◆ Task details ◆
Return the data verbatim, without pictures.

START Raw data

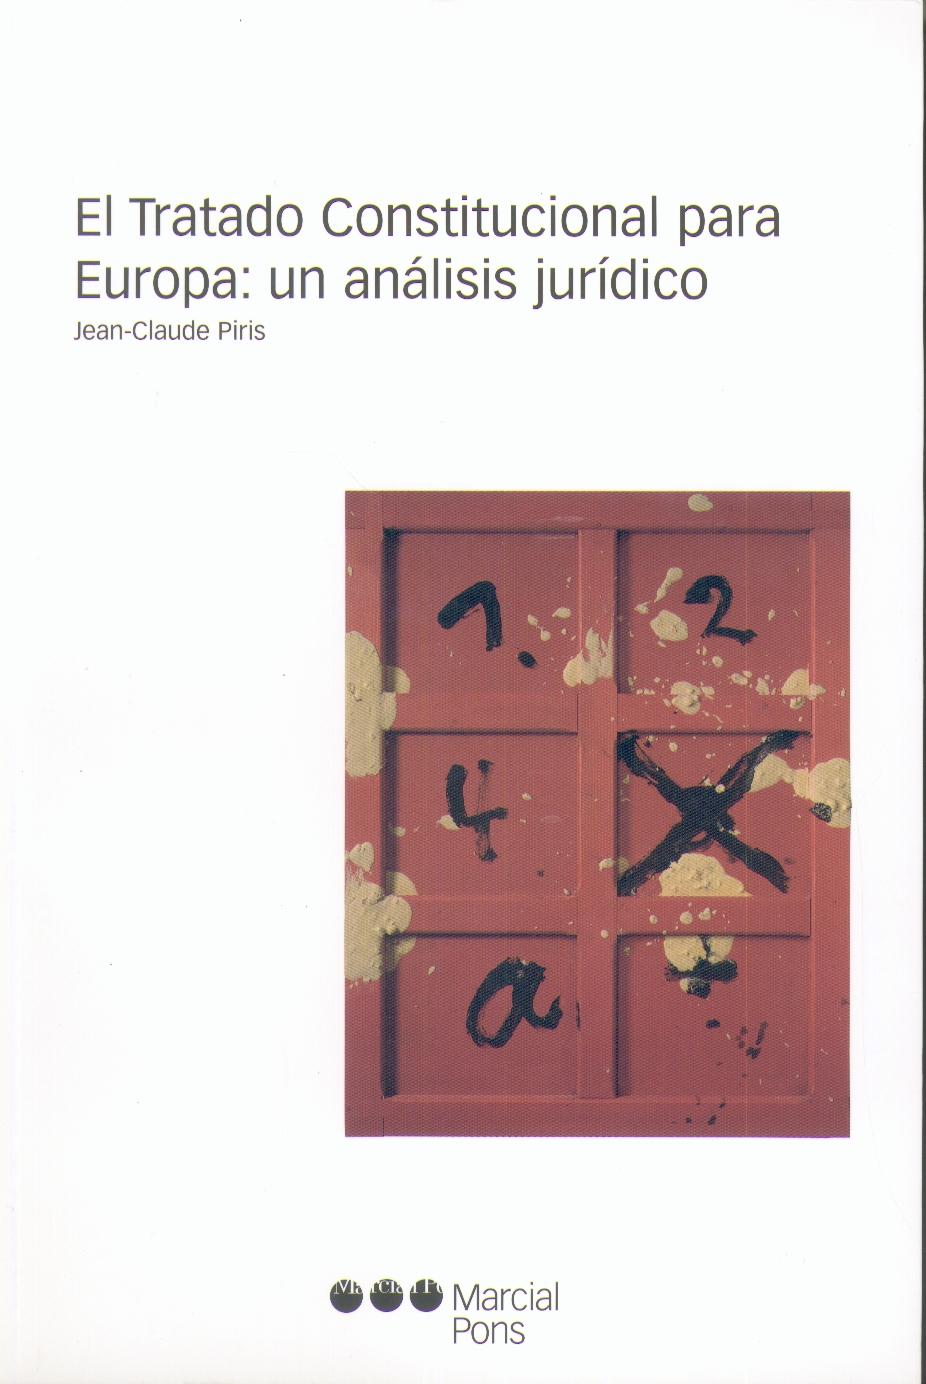 El Tratado Constitucional para Europa: un Analisis Juridico.
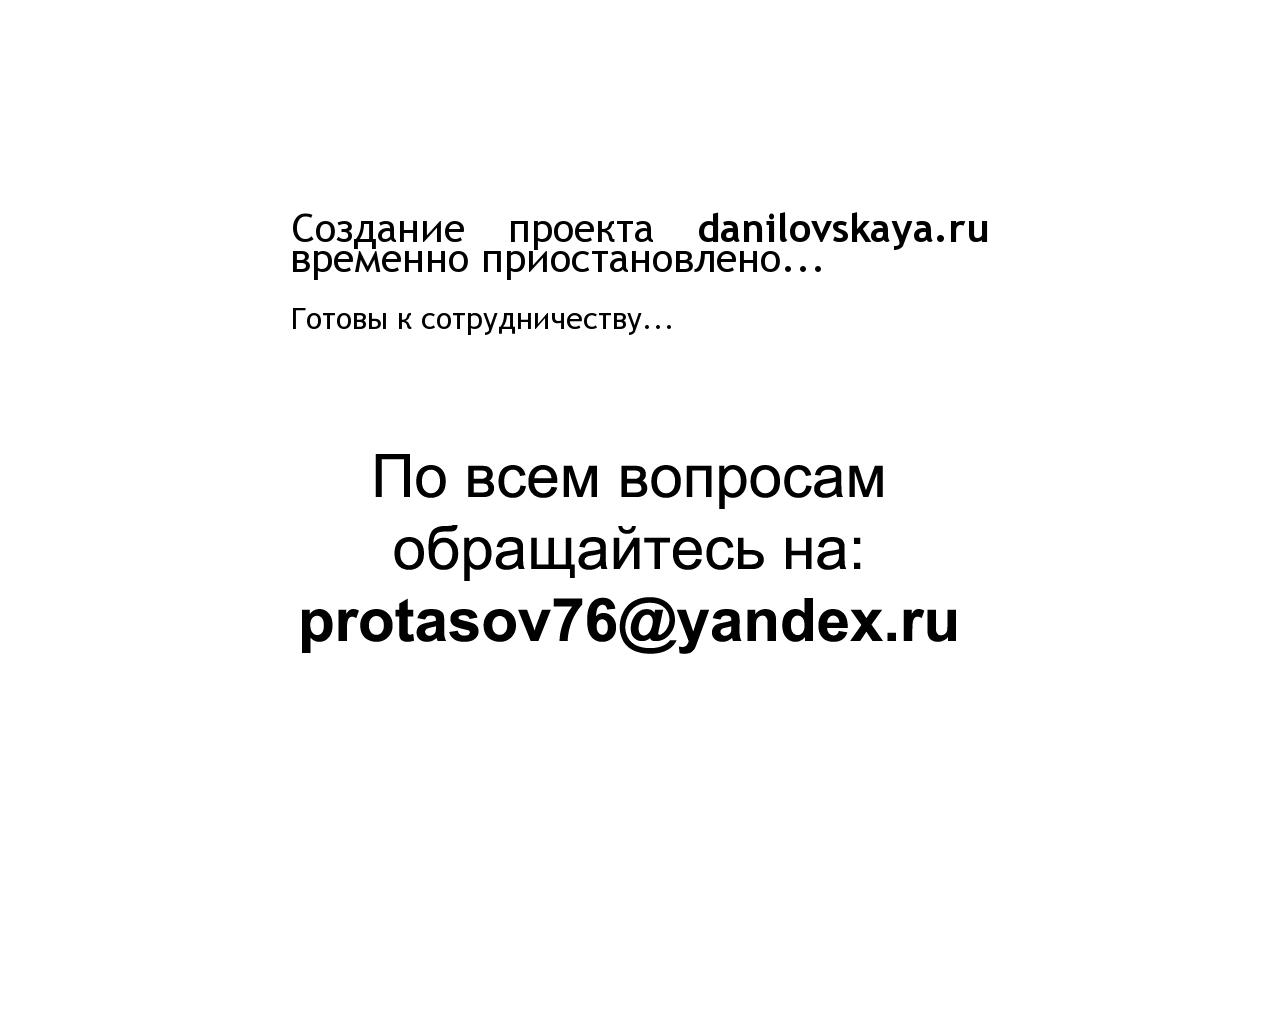 Изображение сайта danilovskaya.ru в разрешении 1280x1024
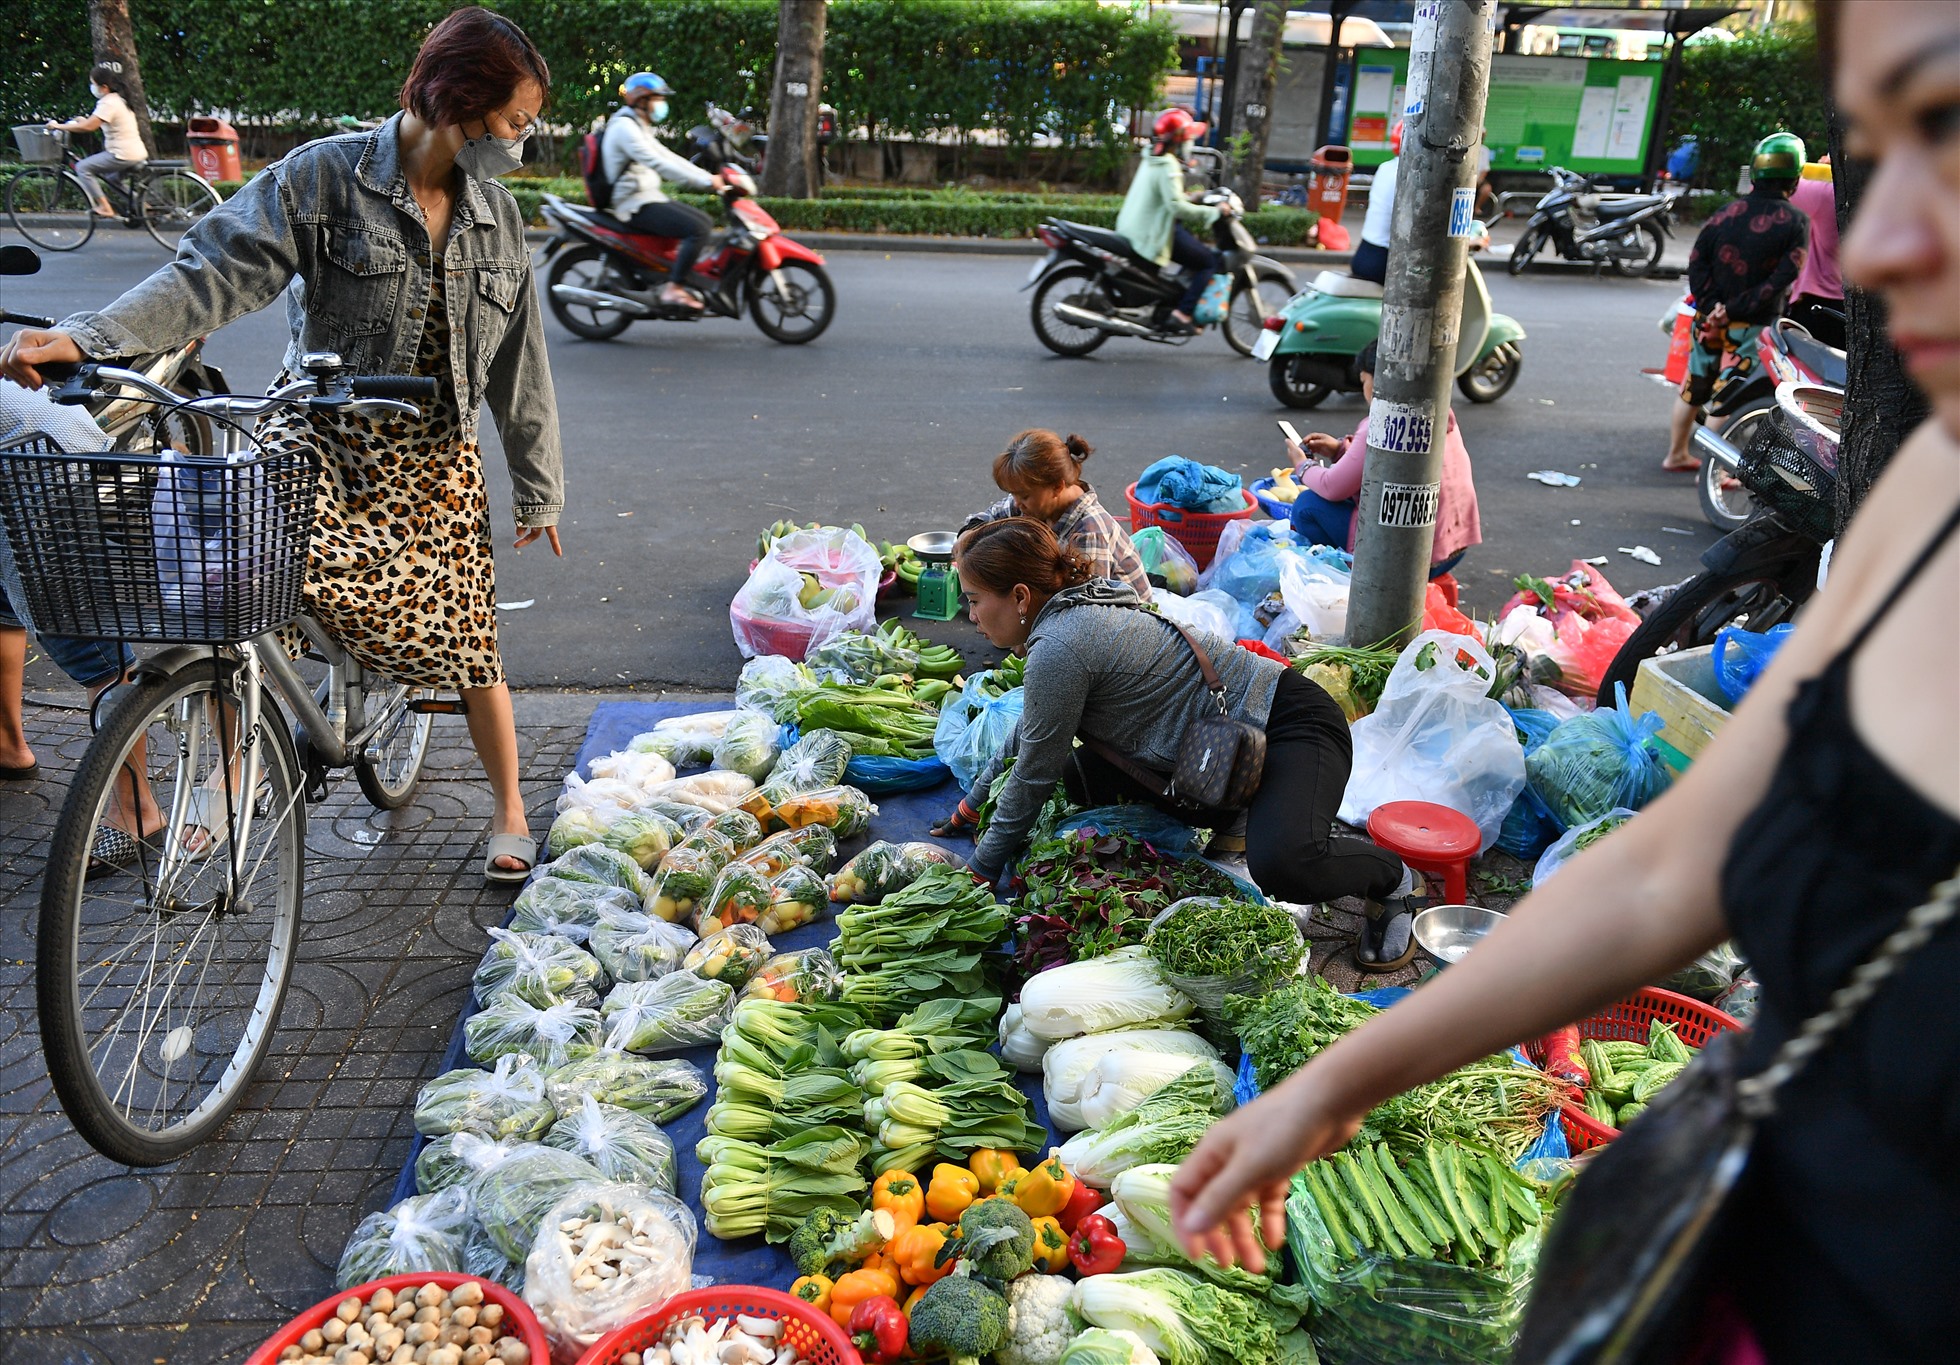 Tranh thủ đi chợ sớm để mua rau tươi giá rẻ.

END Raw data

◆ Expected answer ◆
 El Tratado Constitucional para Europa: un Analisis Juridico.
 Изображение сайта danilovskaya.ru в разрешении 1280x1024
 Tranh thủ đi chợ sớm để mua rau tươi giá rẻ.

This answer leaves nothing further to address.